FOTO: LEONEL ALBUQUERQUE
Meu primo, Leonel Albuquerque, fotógrafo aéreo, clicou a Brasília de um ângulo muito diferente. Trata-se da vista da PCH no Paranoá.
Não há Palácio do Planalto, Congresso, STF, passeatas, carros oficiais, nem corpos estendidos no Gama. Há um lago ao invés de uma esplanada, um declive no lugar do planalto, uma singela usina ecologicamente correta ocultando monstros arquitetônicos perdulários.
A bela foto de Leonel
lembrou-me de uma máxima de meu pai: cuidado com as conclusões muito rigid3as porque há sempre
algum ângulo que não vemos.
Lembrou-me também uma
reunião, em 1999. Acompanhando o Relator Especial da ONU para Ruanda, conheci
um coronel, da etnia Hutu. Tinha estudos em Paris, Mestrado em Princeton.
Começou a reunião perguntando em que idioma queríamos falar. Era fluente em 5
ou 6, não me lembro mais. Semblante tranquilo, unhas manicuradas, gravata
elegante, não mudavam o fato de que, alguns anos antes, ele tinha sido líder do
pelotão mais profícuo no extermínio de civis e que pessoalmente incendiou uma
escola primária Tutsi, com mais de 100 alunos dentro. Feito que ele propagava
orgulhoso.
Lembro-me do meu nojo daquela pessoa. Acho que não disfarcei, porque meu professor (o tal relator da ONU), já no hotel me disse: "deu
vontade de colocá-lo em um mastro e queimá-lo lentamente?" Eu somente ri,
como quem consente. Então ele me disse algo como: "Eu também tenho desejos
impublicáveis de justiciamento. Mas, aprendi que isto só confirmaria que ele
tem razão, de que a violência é caminho para a justiça. Ele não considera os
Tutsis como gente. Só vê UMUNYOROGOTO. O que? Ele então me contou uma
história.
Na noite de 6 de abril
de 1994, um avião que transportava os presidentes de Ruanda e do Burundi,
ambos hutus, foi derrubado. Extremistas hutus culparam os Tutsis e
imediatamente começaram uma campanha bem organizada de assassinato. Cerca de
100 dias depois, 800.000 Tutsis (e Hutus opositores ou que defendiam
os Tutsis) foram mortos Gente morta por balas, facões,
queimada, a pancadas.
Vizinhos mataram
vizinhos, maridos as suas mulheres Tutsis. Gente, outrora razoável,
respeitáveis membros de suas comunidades, frequentadores assíduos de igrejas,
amigáveis colegas de trabalho, manicurados coronéis com seus mestrados
convertidos em assassinos. Para os perpetradores, não era assassinato, era
extermínio de larvas.
A
violência das palavras é a infância de todo massacre, segundo um historiador inglês. A
violência em Ruanda começou com xingamento e terminou em bala.

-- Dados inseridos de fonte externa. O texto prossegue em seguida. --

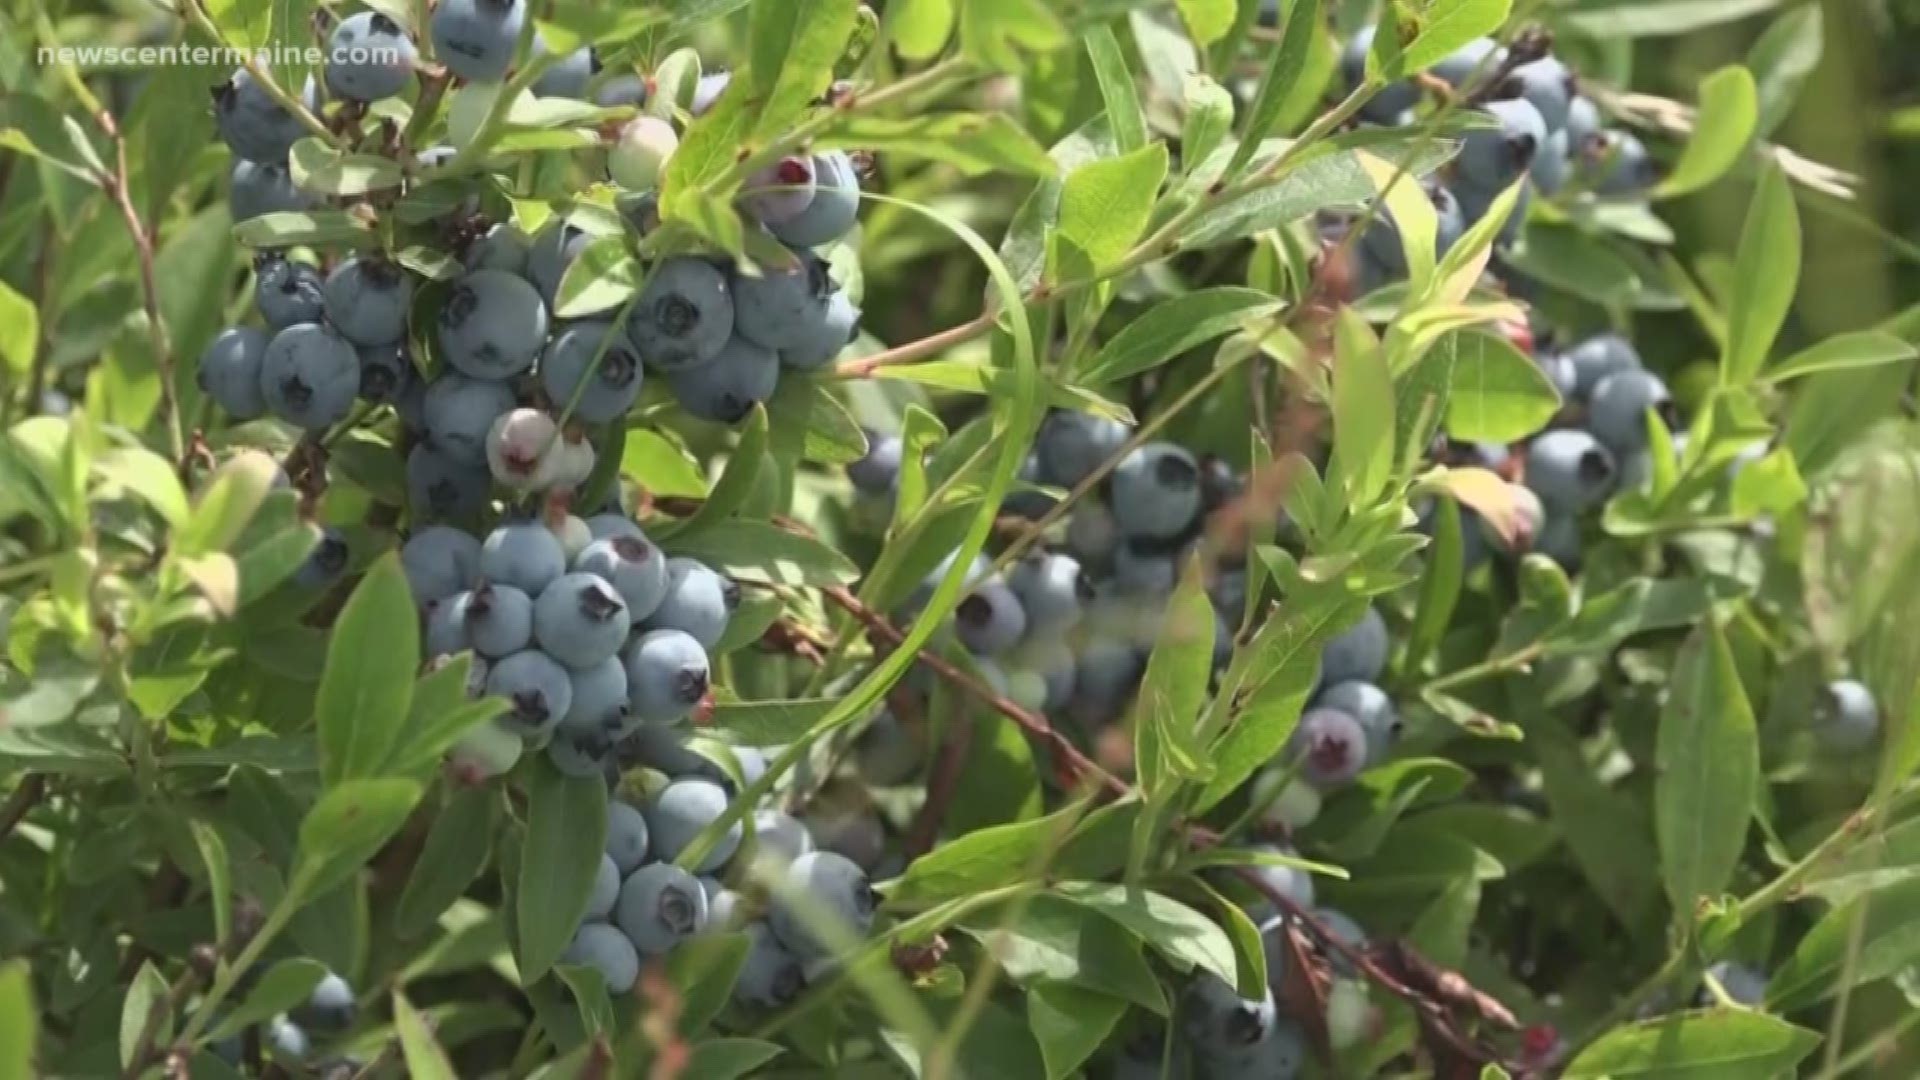 Tariffs are hitting Maine's blueberry and lobster industries hard. Maine's congressional delegation is urging the USDA to protect wild blueberry farmers from the trade war with China.

A fotografia me lembrou desta história e de que o que sei, sinto, vejo, quando muito, é apenas parte. É difícil e necessário calar
o aiatolá, o inquisidor que grita em mim por uma justiça orientada por meu parcial e
oblíquo ângulo.
O que mais vejo pelas
redes sociais é a violência da palavra. O juízo e o escrutínio do erro do outro.
O discurso de "santos" vitimizados pelas injustiças e corrupções alheias. A
violência justificada pelo meu ângulo, da minha classe social, do meu
time, do meu partido, da minha cidade, da minha cor de pele, do meu bairro, das
minhas crenças.
Aí,
quando tenho vontade ou de CURTIR ou de bloquear o autor destes discursos violentos, lembro-me do meu professor, do coronel genocida. ELembro concluo: o destino de quem vê o outro
como "UMUNYOROGOTO" é terminar, ele mesmo, um verme.